# O.C. Sheriff Made Donors His Deputies



## reno911_2004 (May 13, 2004)

O.C. Sheriff Made Donors His Deputies

By Christine Hanley Times Staff Writer 

Shortly after he took office, Orange County Sheriff Michael S. Carona and one of his top assistants deputized 86 friends, relatives, political contributors and others, giving them badges, powers of arrest and in some cases guns — despite the fact that none had background investigations and some had not been fully trained.


Three years later, the state's Commission on Peace Officers Standards and Training removed all 86 of the reserve deputies from California's peace officer database, which meant the commission no longer recognized them as peace officers. Even so, 56 still have their badges and identification cards, and 14 have concealed weapons permits.

A commission executive said he knows of no other case in which reserves have been removed from the database. The commission does not have the power to force a police agency to comply with its rules, but it can decertify a reserve program — a step that would jeopardize the program's funding and credibility.

A Sheriff's Department audit, which is continuing, has determined that six of the volunteer deputies were performing police duties. Department officials ordered the six to stop performing police duties until background and training questions were resolved. The department had issued guns to four of the six, who have since returned the weapons.

In an e-mail responding to questions from The Times, Carona denied wrongdoing and said there was no public risk in allowing the reserve deputies to keep their badges. He said the appointments were not political favors, but acknowledged the group of reserve deputies included supporters, friends and family. Carona said he expected all of the reserve deputies to fulfill their duties.

"Like any organization, the first group of individuals we reach out to for support and assistance is friends and family of the members of the organization," Carona wrote.

Of the original 86 reserve deputies, 29 had contributed to Carona's inaugural election campaign in 1998 and his re-election campaign in 2002. Several others hosted fundraisers for him or the Mike Carona Foundation, a philanthropic group. The list includes physicians, lawyers, business owners and one of Orange County's top restaurateurs, who has hosted several Carona fundraisers.

Several of the reserve deputies had ties to former Assistant Sheriff Donald Haidl, who established the reserve program for Carona. Among them are Haidl's brother, sister, nephew and two other relatives. Haidl's private pilots, his personal secretary and other employees from his auction company also were deputized.

Carona enlisted the 86 volunteers in his reserve program in 1999, the year after he had been elected sheriff. He did so despite alarms raised by the state commission and a county attorney, who questioned whether the reserve deputies had been properly screened and trained.

The information for this article comes from hundreds of pages of documents obtained through public records requests and provided by other sources, and interviews with sheriff's officials and reserve officers, some of whom agreed to speak only on the condition that their names not be used.

Carona declined to be interviewed in person, but answered questions by e-mail. He did not respond to follow-up questions.

Documents indicate that the appointments were rushed to avoid tougher training requirements adopted by the state and that red flags — including failed psychological exams and lying about a criminal history — were overlooked during the application process.

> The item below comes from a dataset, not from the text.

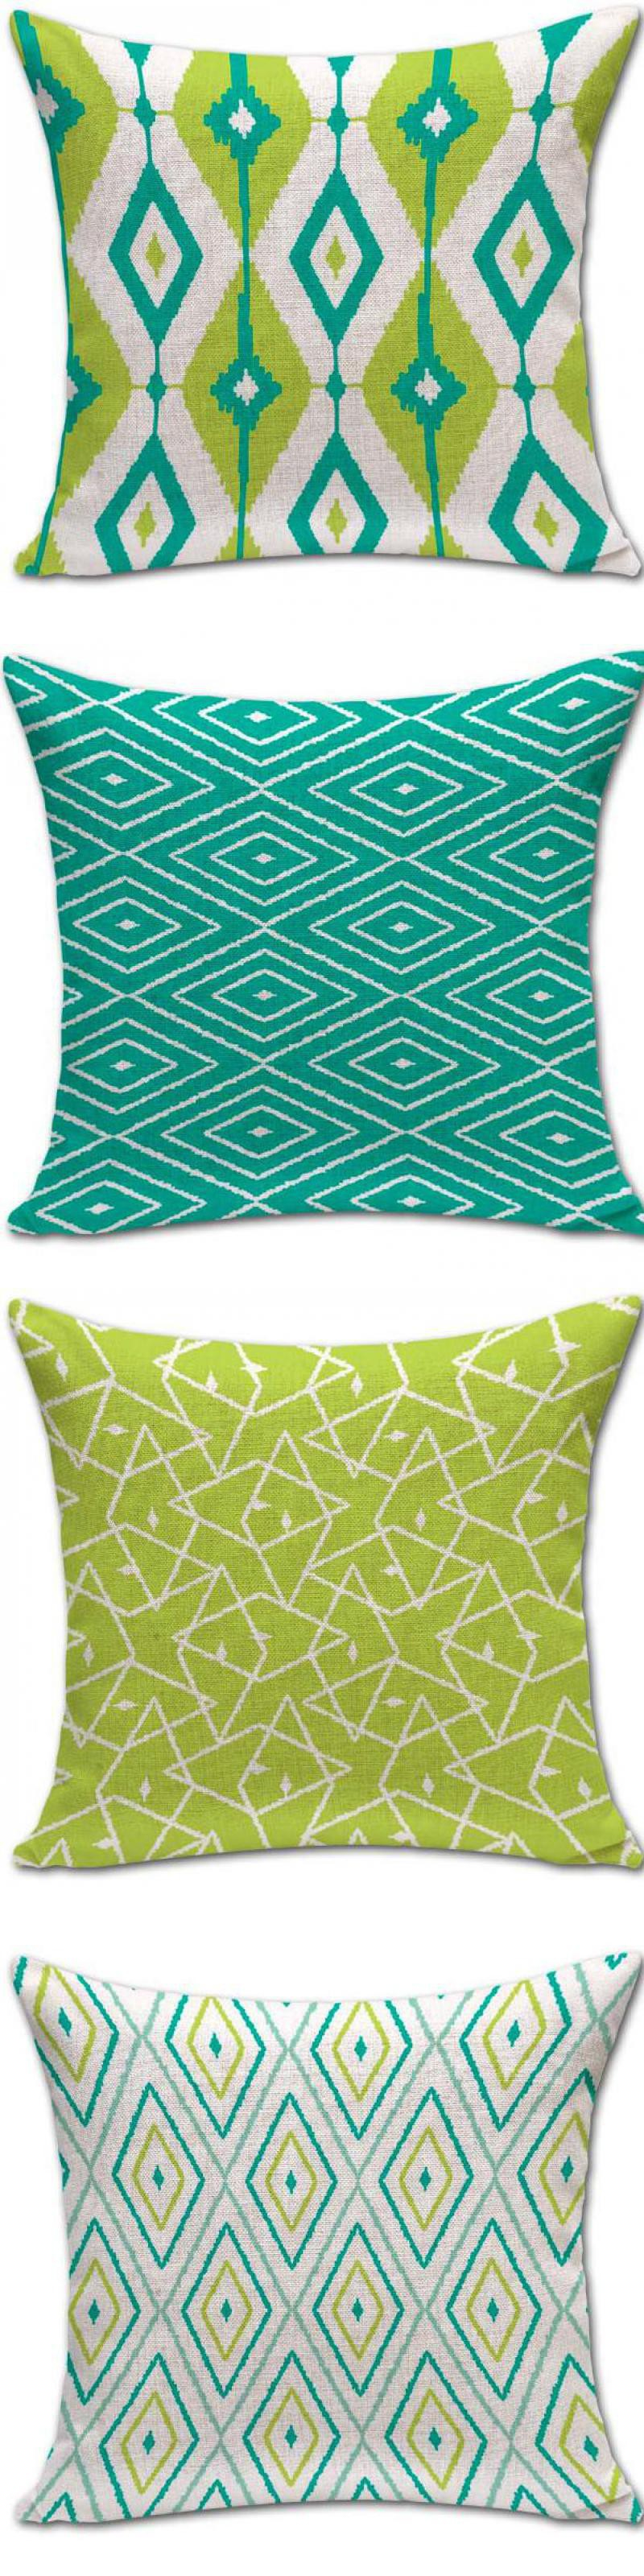 Modern Minimalist Green Diamond Stripe Geometric Cotton Linen Cushion Home Decorative Sofa Chair Seat Cushion $8.66
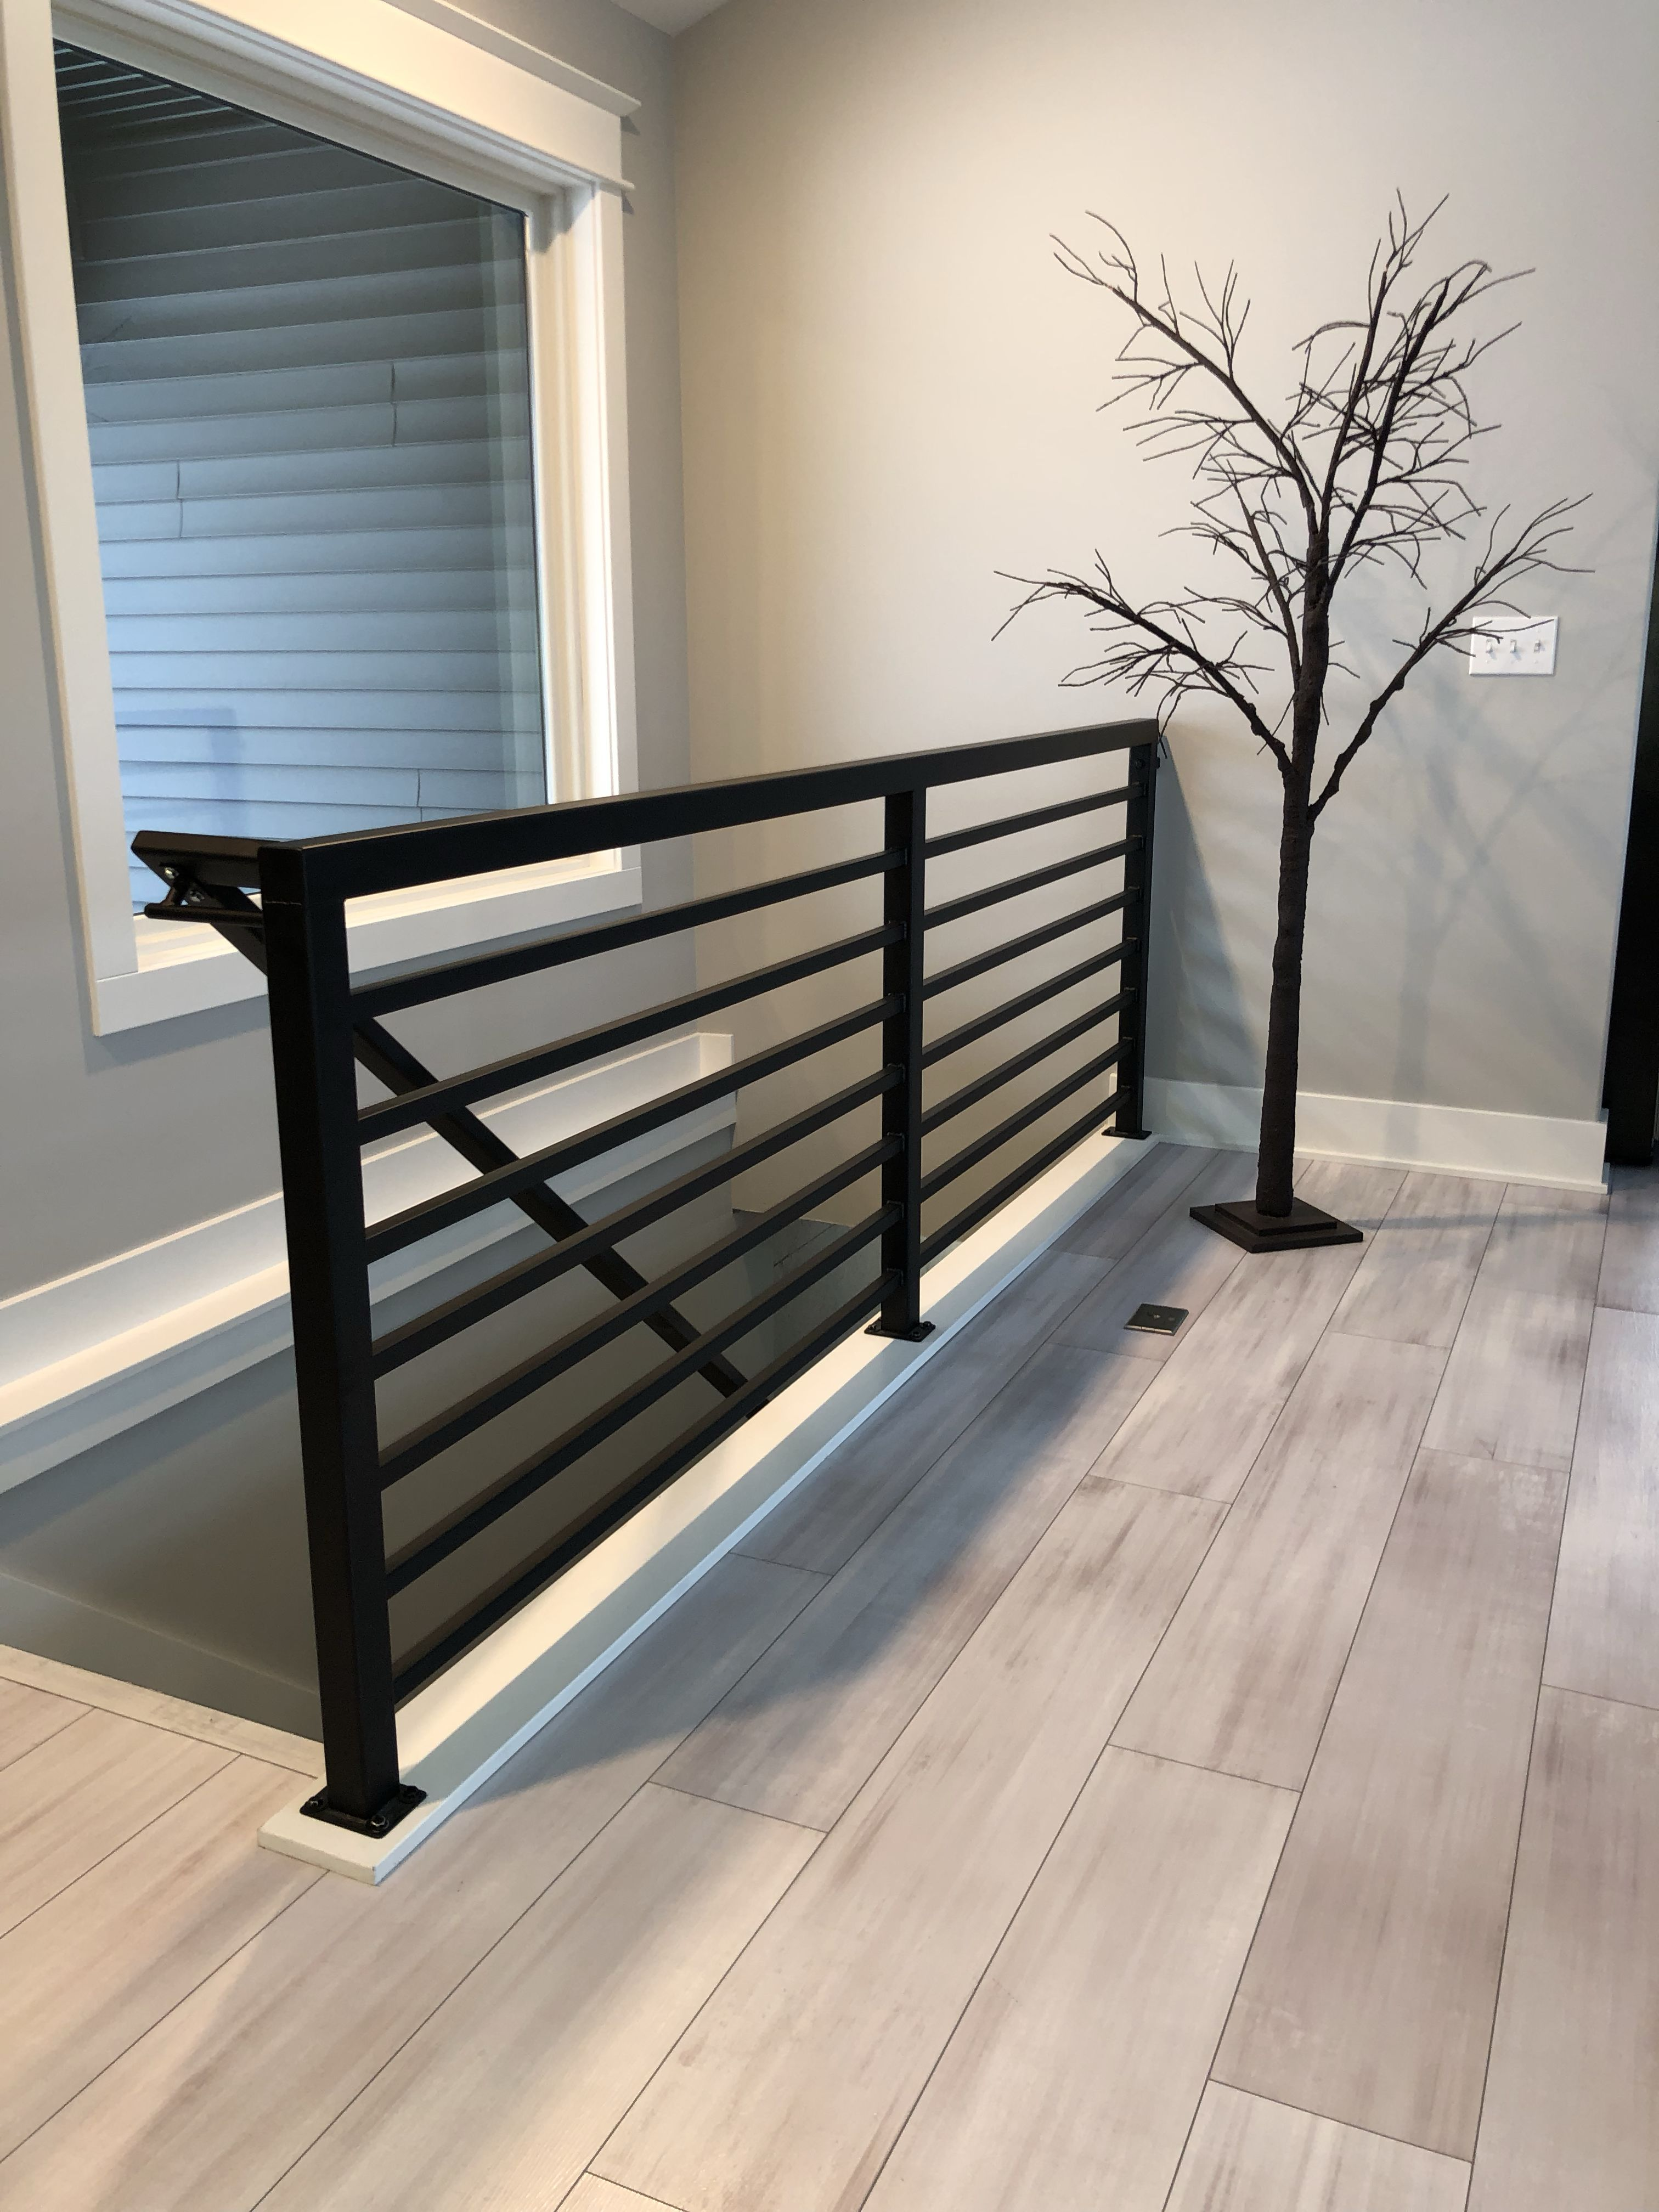 Best Beautiful Powder Coated Metal Stair Railing Stair Railing Metal Stair Railing Metal Stairs 400 x 300

Among the applicants were a former police officer who had been fired for lying during an internal affairs investigation, an executive who failed to disclose he'd twice been arrested and another who was identified as "psych reject."

Reserve deputies have been reported misusing badges and police credentials. In one case, a reserve officer hosting a Jordanian VIP flashed his badge to get a hotel employee in Anaheim to open rooms that were not under his name. Another reserve deputy became angry and announced he was an Orange County deputy when an Amtrak ticket taker asked him and his guests to move out of an area of a train reserved for business class passengers.

Sheriff's officials authorized to discuss the reserve program acknowledged this month that background checks for the reserves were not completed until last year — five years after the appointments. Over the years, the original group of 86 shrank as some resigned or were demoted to a rank that carries no police powers. Efforts are continuing to get the remaining 56 reserves in good standing with the state, department officials said.

One of the reserve deputies, who asked not to be identified out of concern his appointment might be jeopardized, said a core group of reserves who helped Carona get elected were less interested in patrol duties than the privilege of having a badge and being part of his inner circle.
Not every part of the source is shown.